My lab studies iPS cells. We are excited about iPS cells and they have enormous potential.
However, there are some realities about iPS cells related to safety that impede our ability to use them to treat patients any time soon. We must solve these roadblocks before we can move forward, but interestingly, these facts are only rarely discussed.
1) During iPS cell formation, many non-iPS cell colonies are created side-by-side in the same dish and many of them are composed of cancer cells. As a result, a key issue is the purity/clonality of a given iPS cell line. It is even possible to accidentally ‘pick’ (i.e. select for expansion as a line) two colonies one on top of the other, but of different properties.

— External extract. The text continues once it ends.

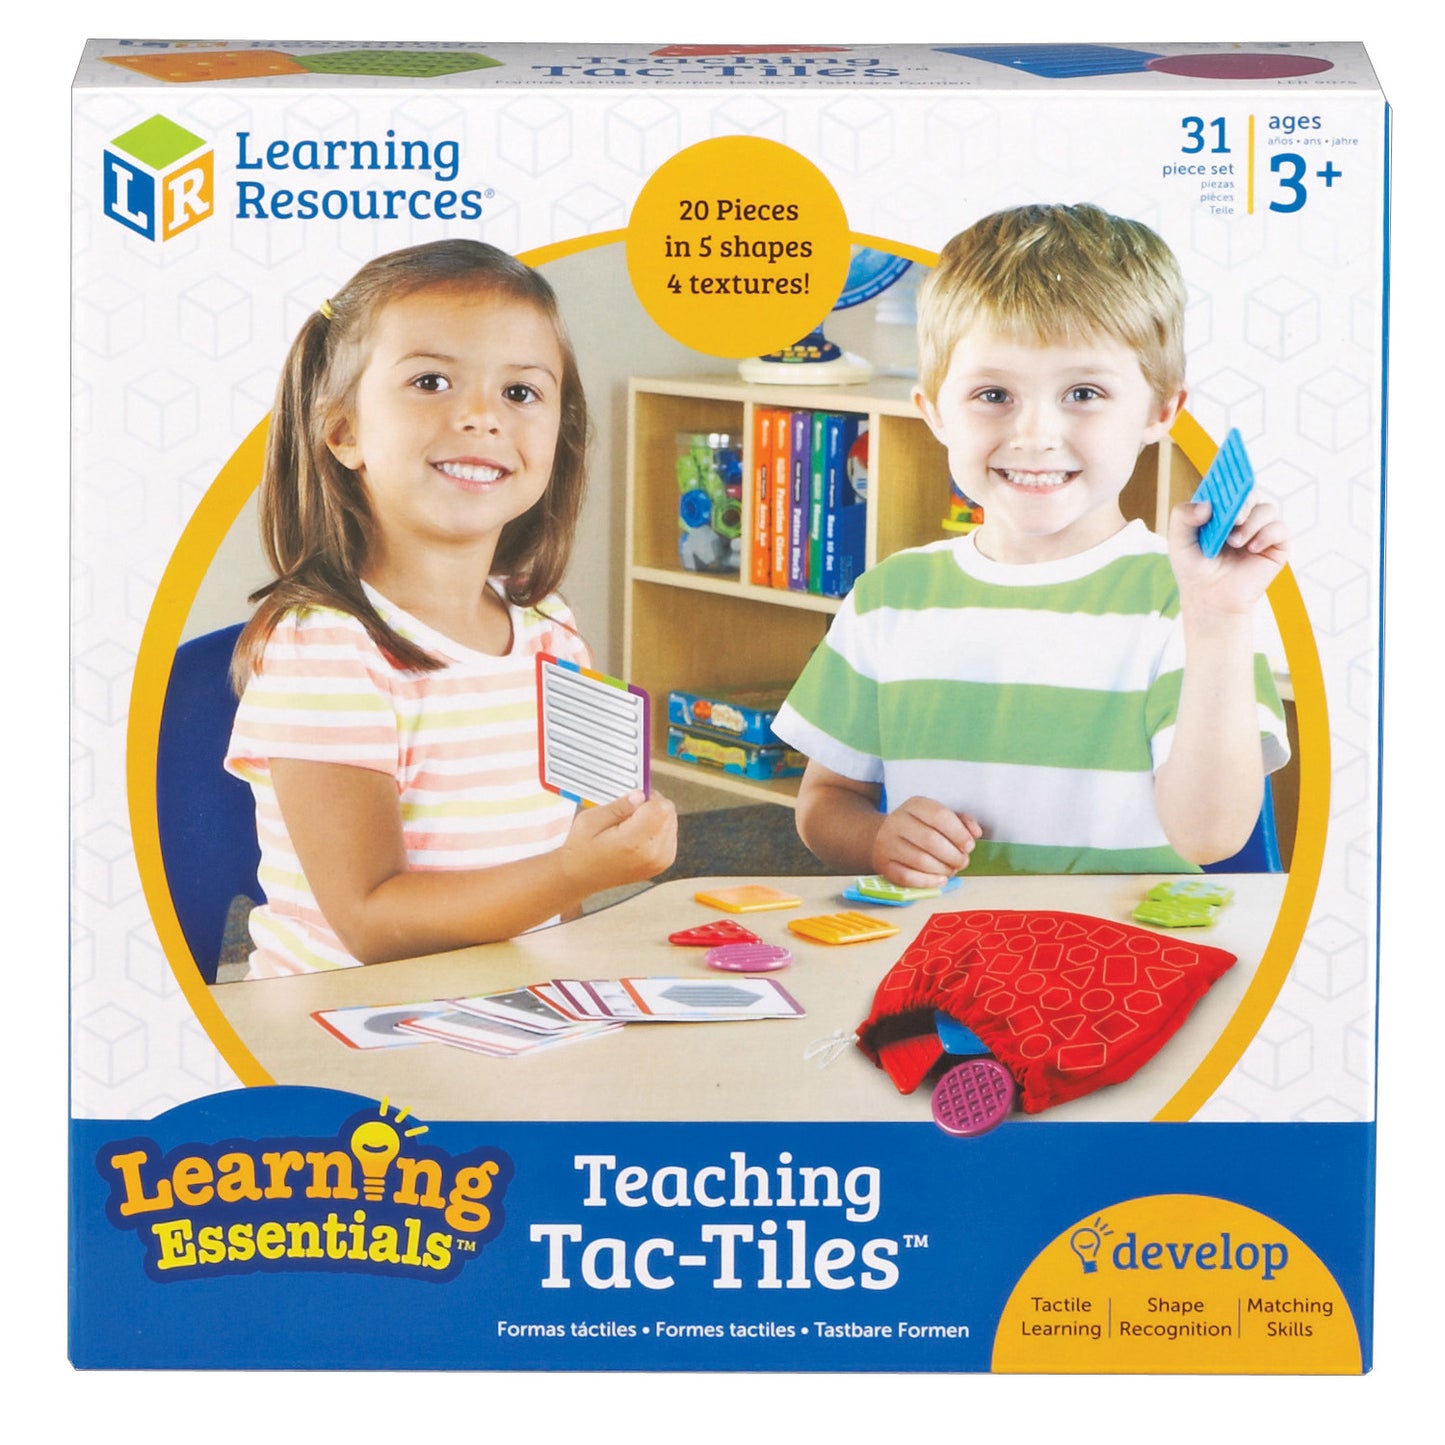 Teaching Tac-Tiles™

2) Many intermediately-reprogrammed cells have almost all the same properties as true iPS cells, but may be less therapeutically useful and more tumorigenic. Identifying and avoiding such ‘near misses’ may be nearly impossible. These psuedo-iPS cells may express most or all of the core pluripotency marker genes and may even be able to form teratoma-like tumors, but subtly lack the ability to differentiate normally into all 3 germ layer derivatives.

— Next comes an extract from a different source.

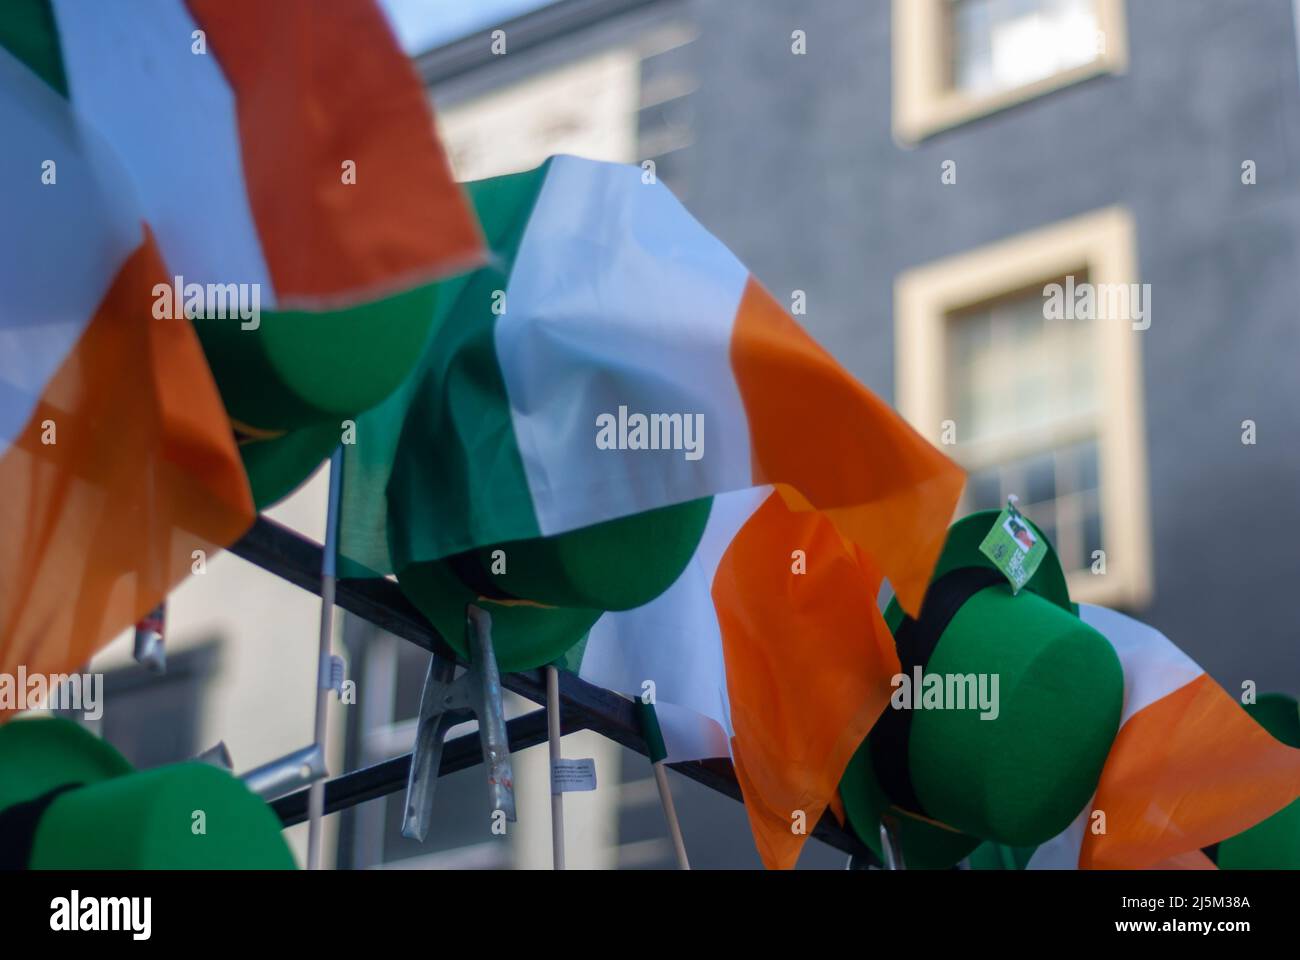 Dublin Ireland st Patrics day celebration parade with crowd and demostration Stock Photo

3) iPS cells change over time in culture. While the same can be said of ES cells, iPS cells are likely to be inherently less stable than ES cells since iPS cells underwent the dramatic reprogramming events.
4) iPS cells have genetic abnormalities (Chr. 12) that are shared with tumor cells as revealed by work by Nissim Benvenisty published in Cell Stem Cell.
5) We currently know very little about the tumorigenicity of iPS cells.